DATASET EXTRACT -
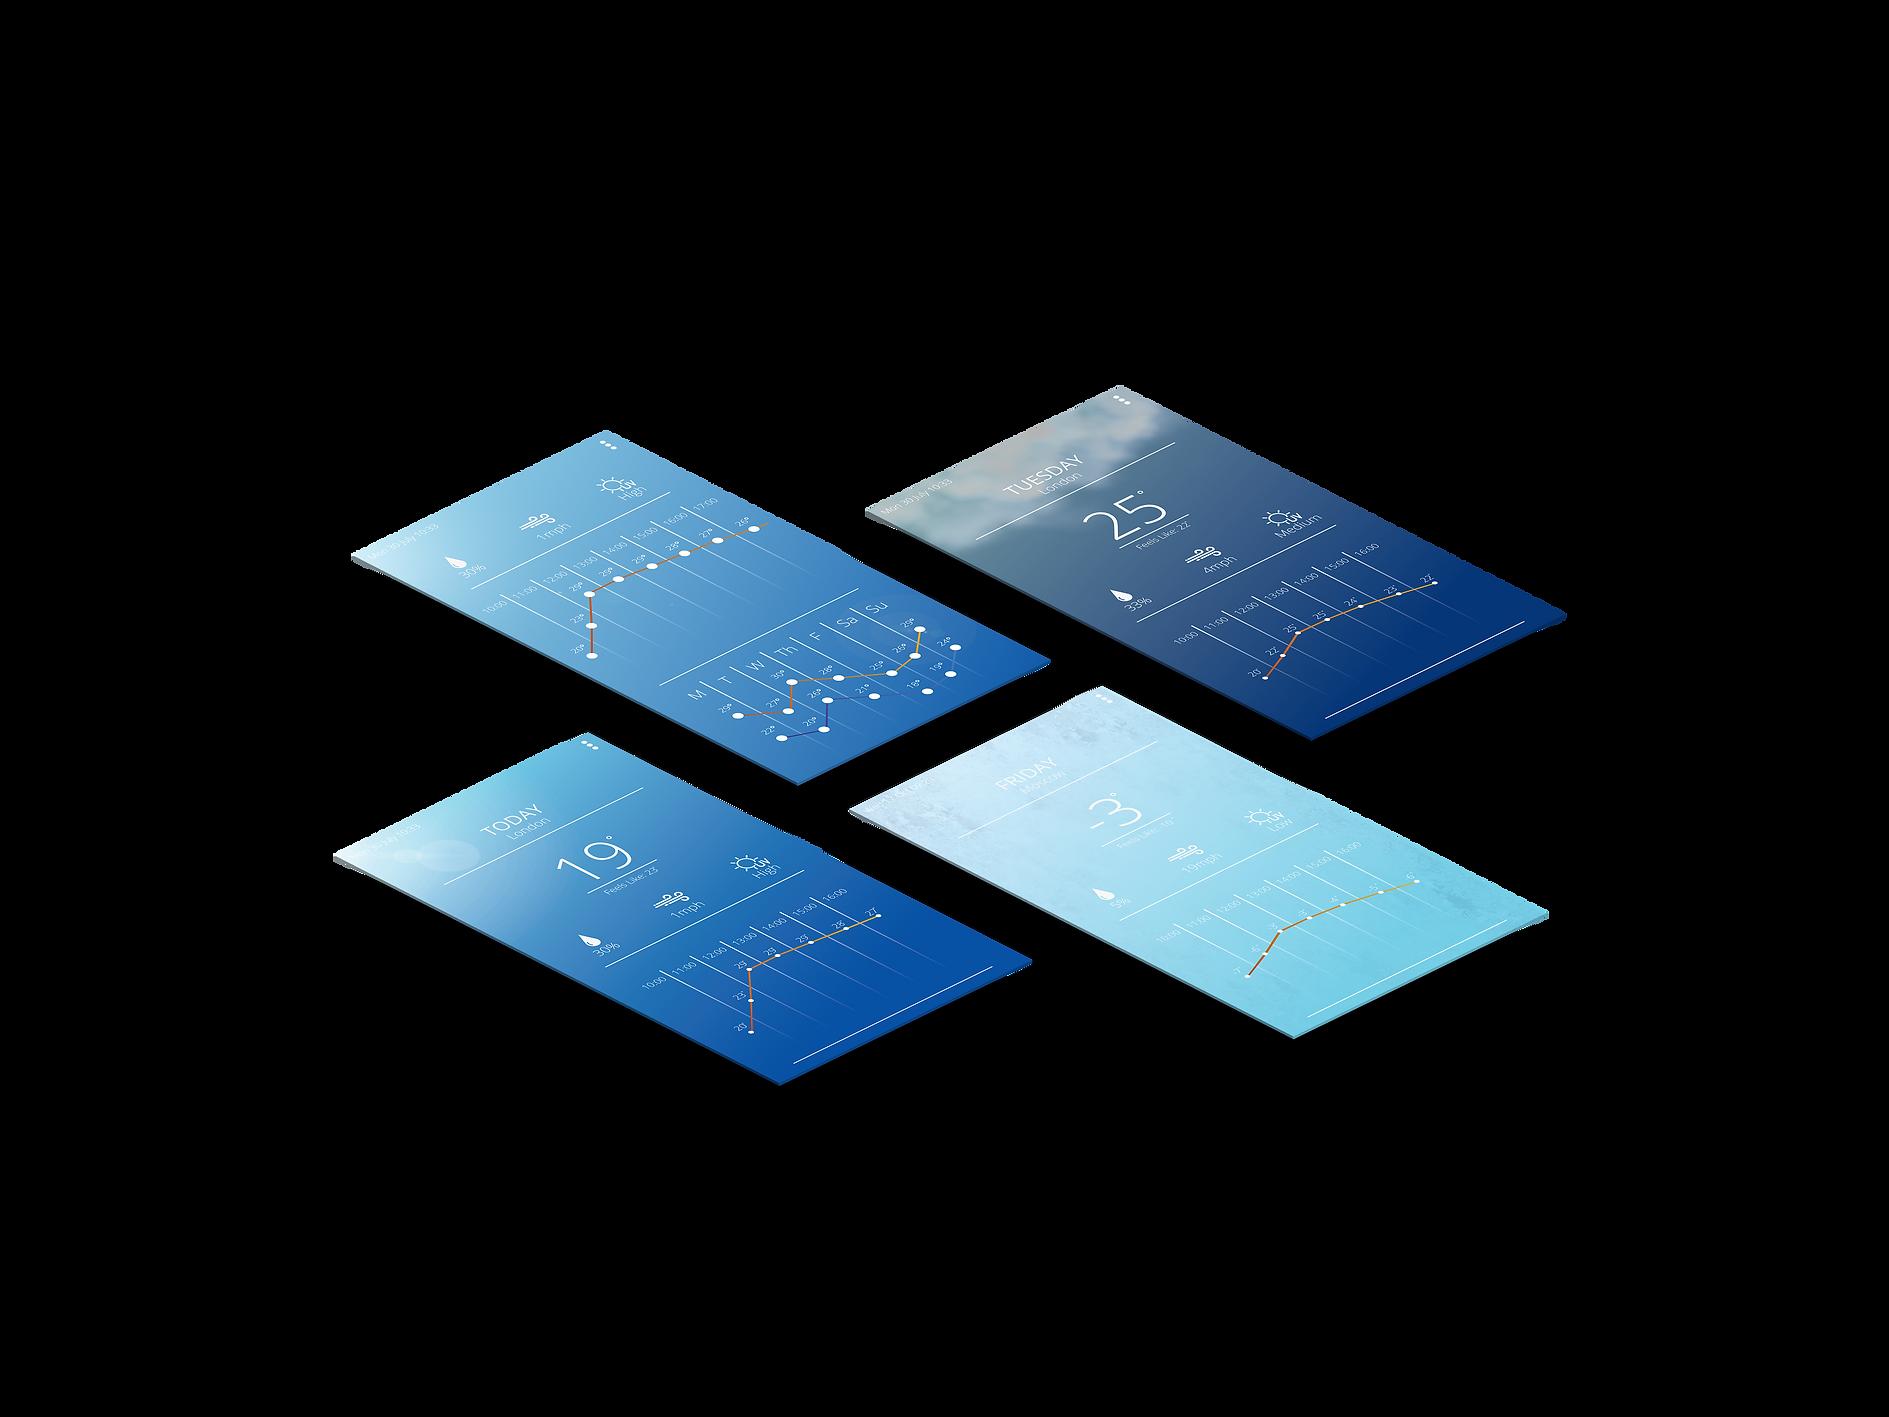 Perspective-App-Screens-Mock-Up.png
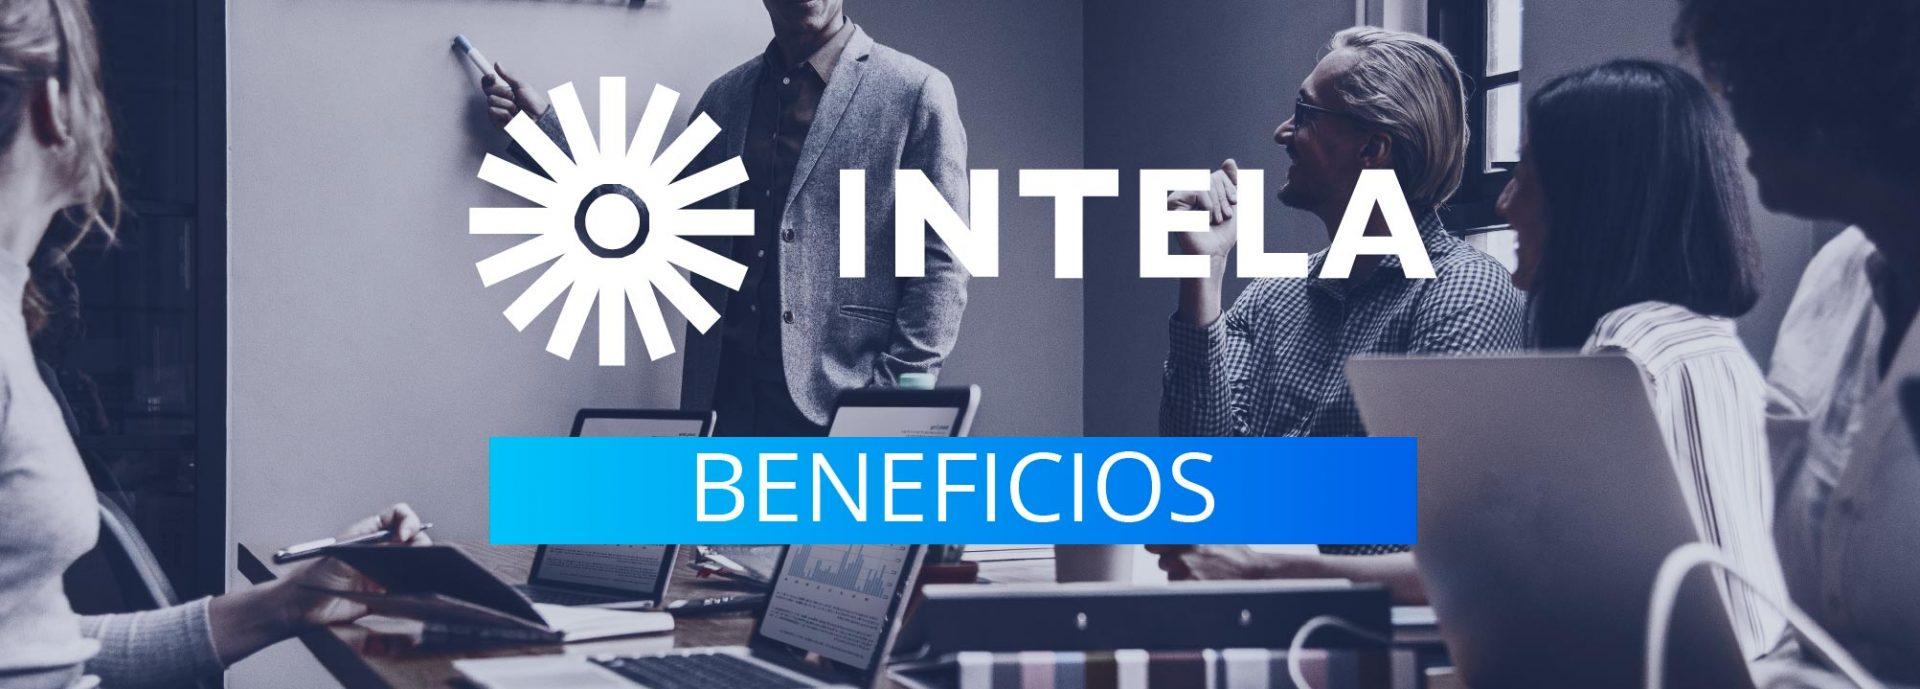 Tarjeta de Beneficios Intela
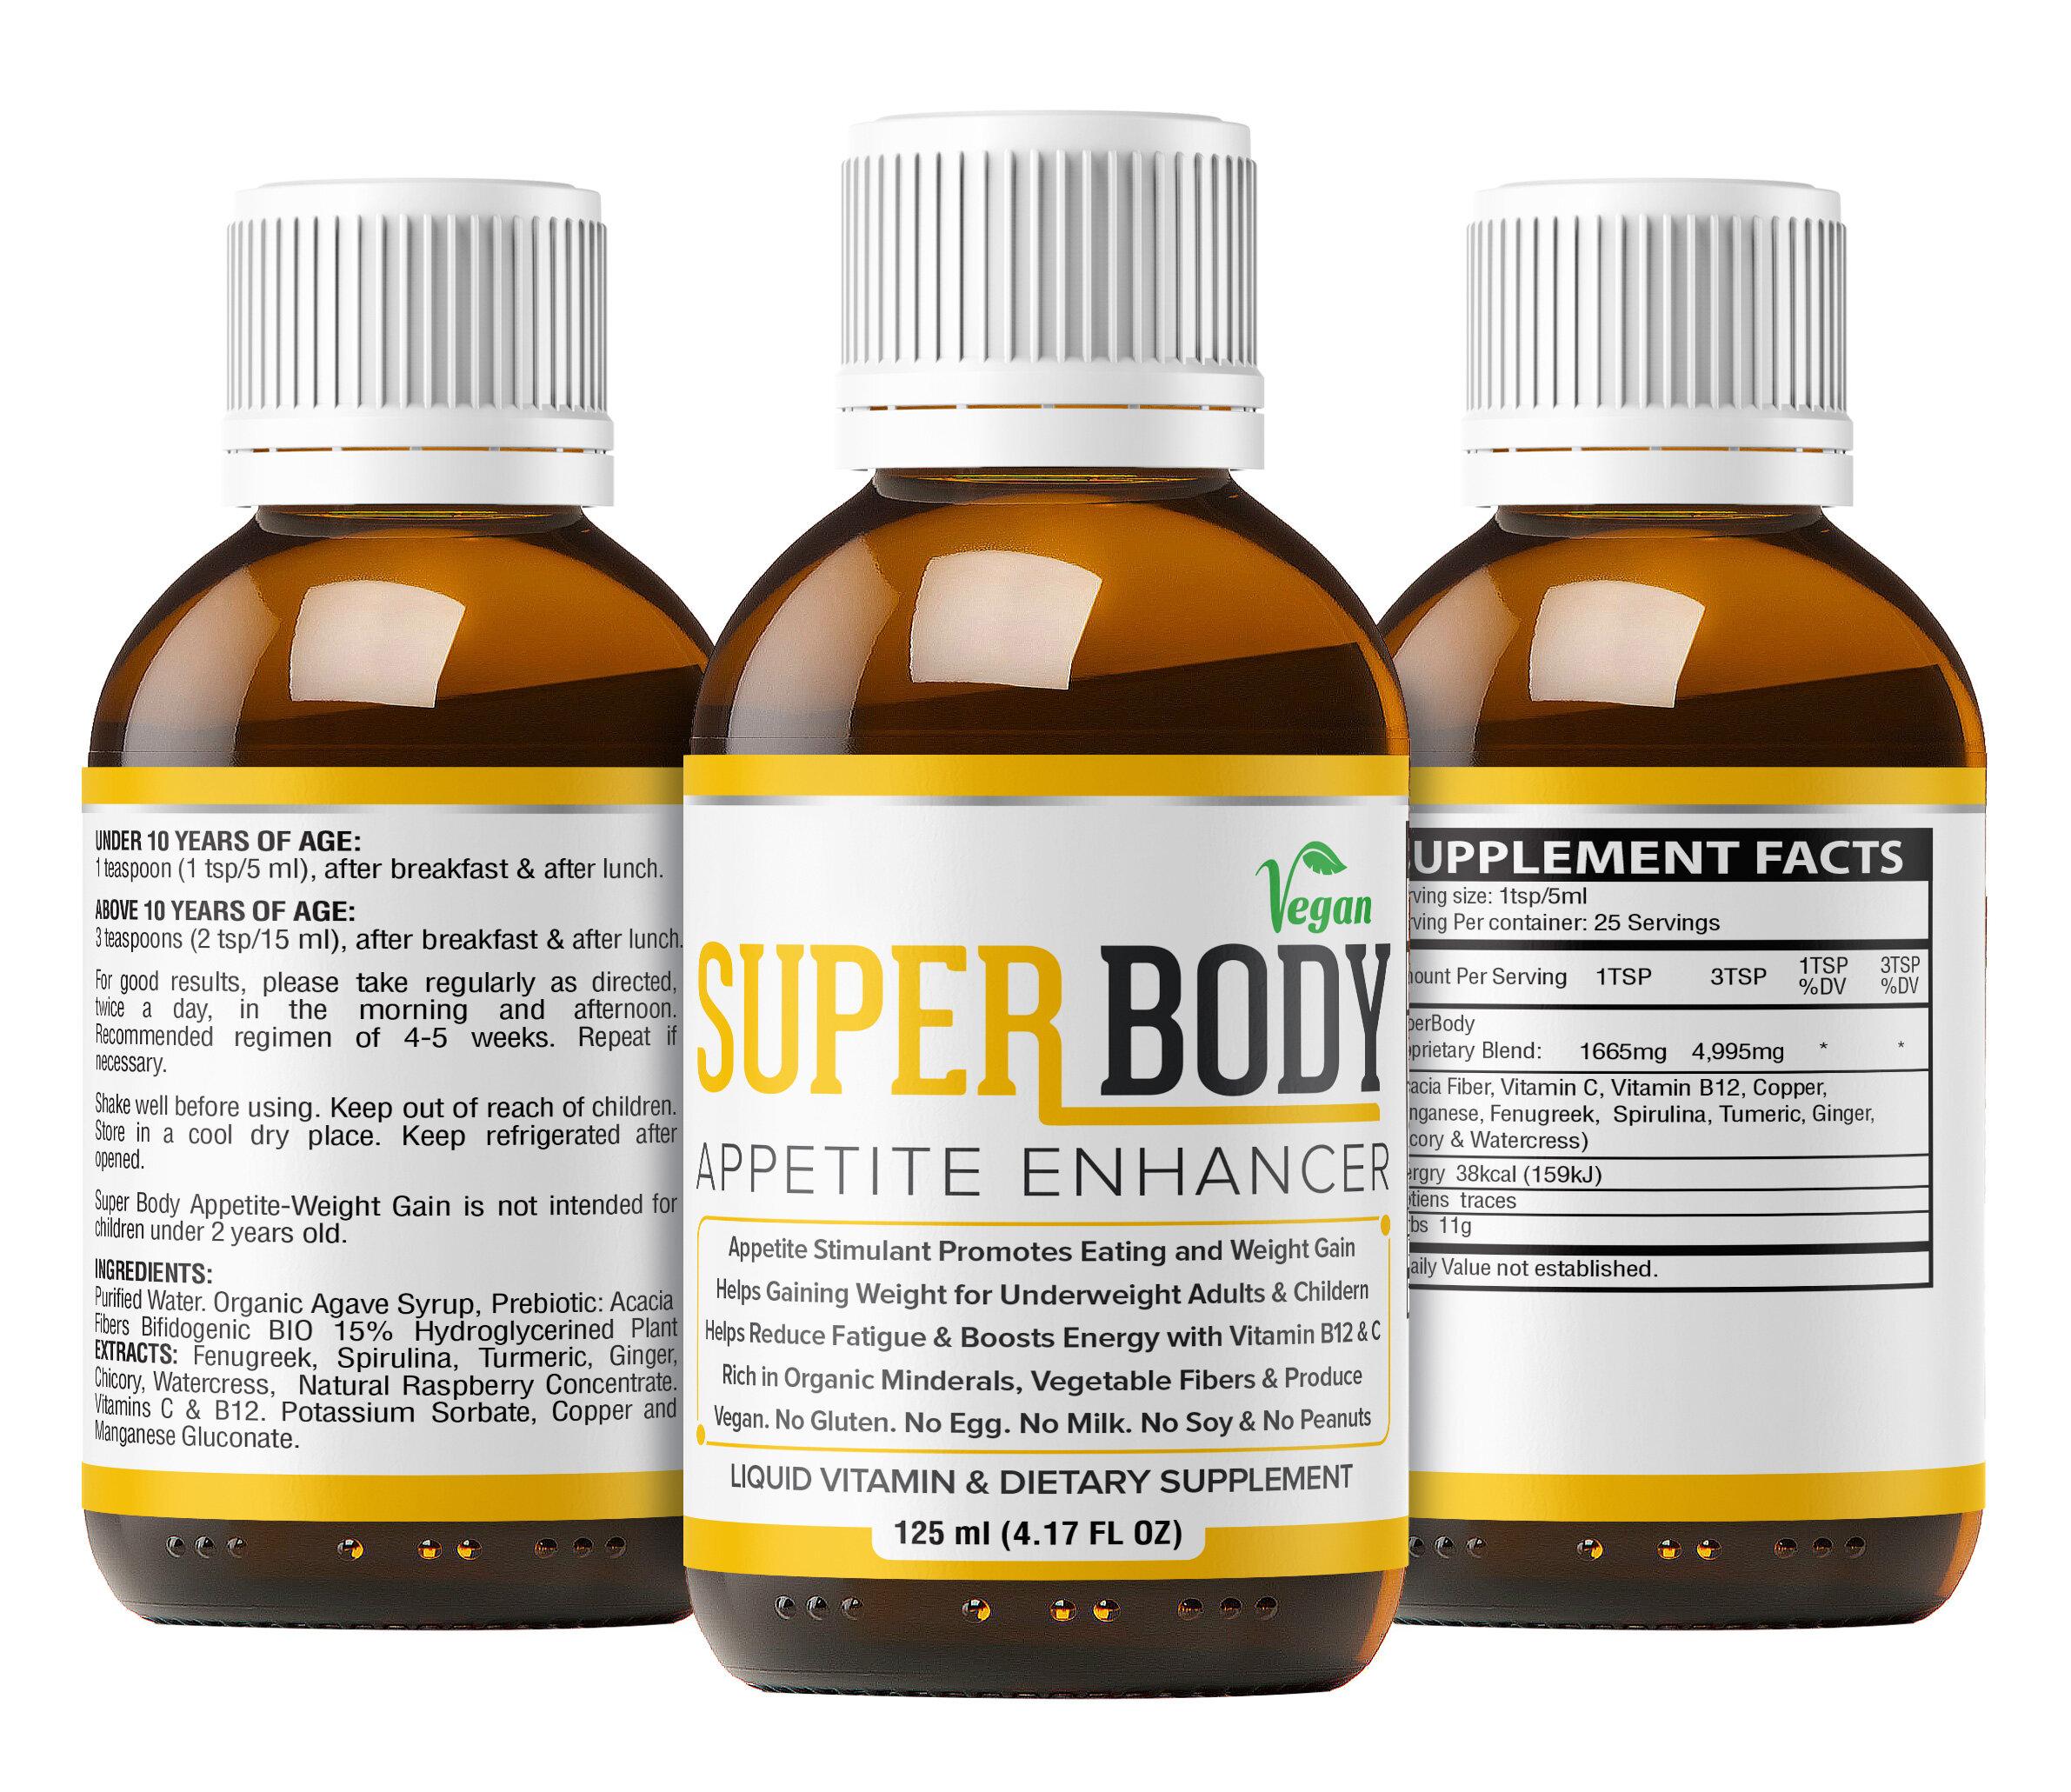 Weight Gain Supplements Eatup Appetite Enhancer
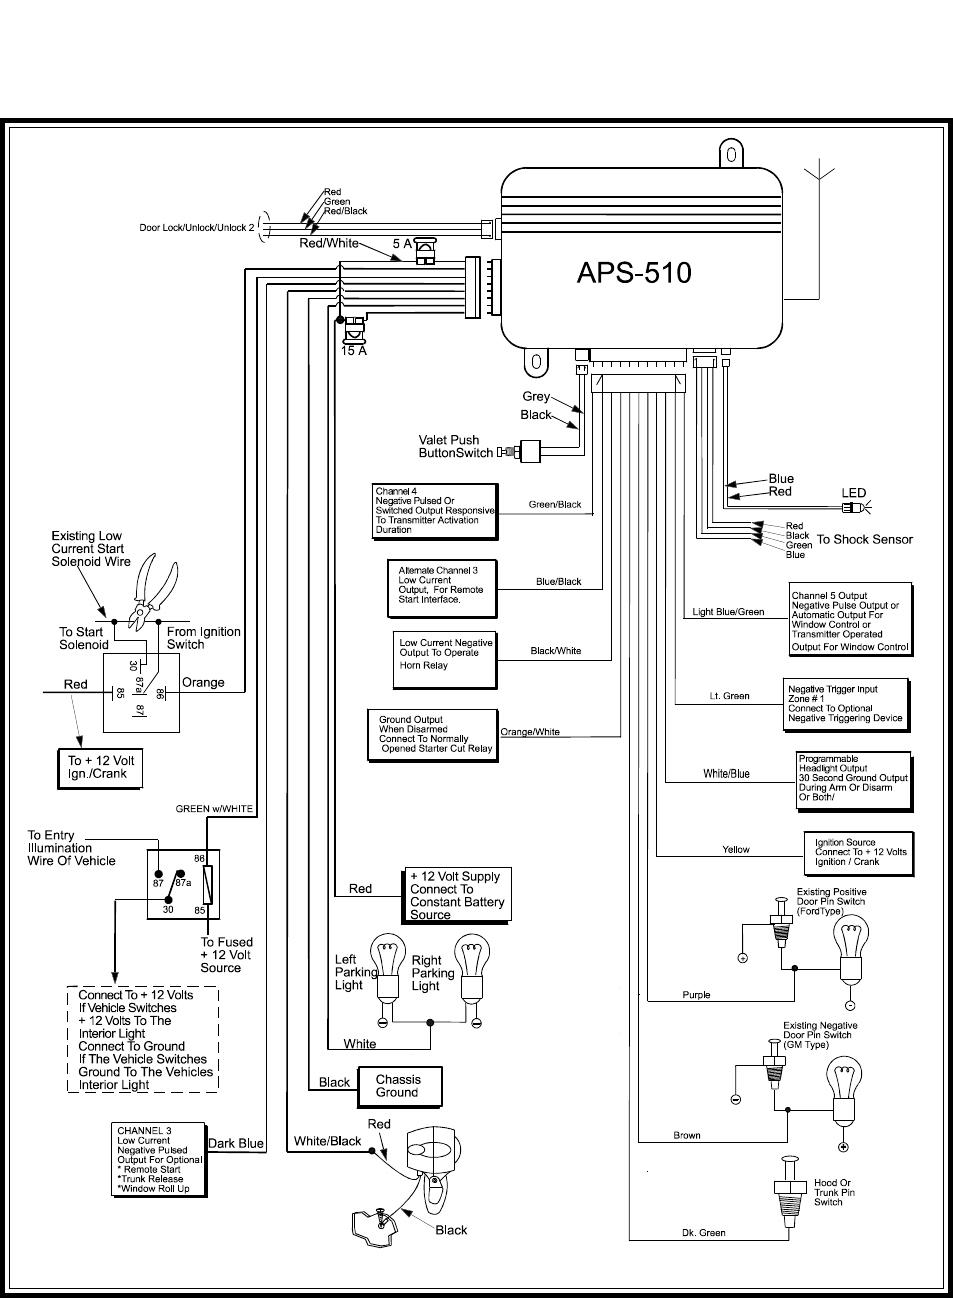 Audiovox Wiring Diagram | Wiring Diagram - Car Alarm Wiring Diagram

WHAT YOU SHOULD DO - Each line from the one with "Tarjeta de Beneficios Intela" to the end of the material needs to be output word for word, with no picture included.

OUTPUT BELOW -
 Tarjeta de Beneficios Intela
 Weight Gain Supplements Eatup Appetite Enhancer
 Audiovox Wiring Diagram | Wiring Diagram - Car Alarm Wiring Diagram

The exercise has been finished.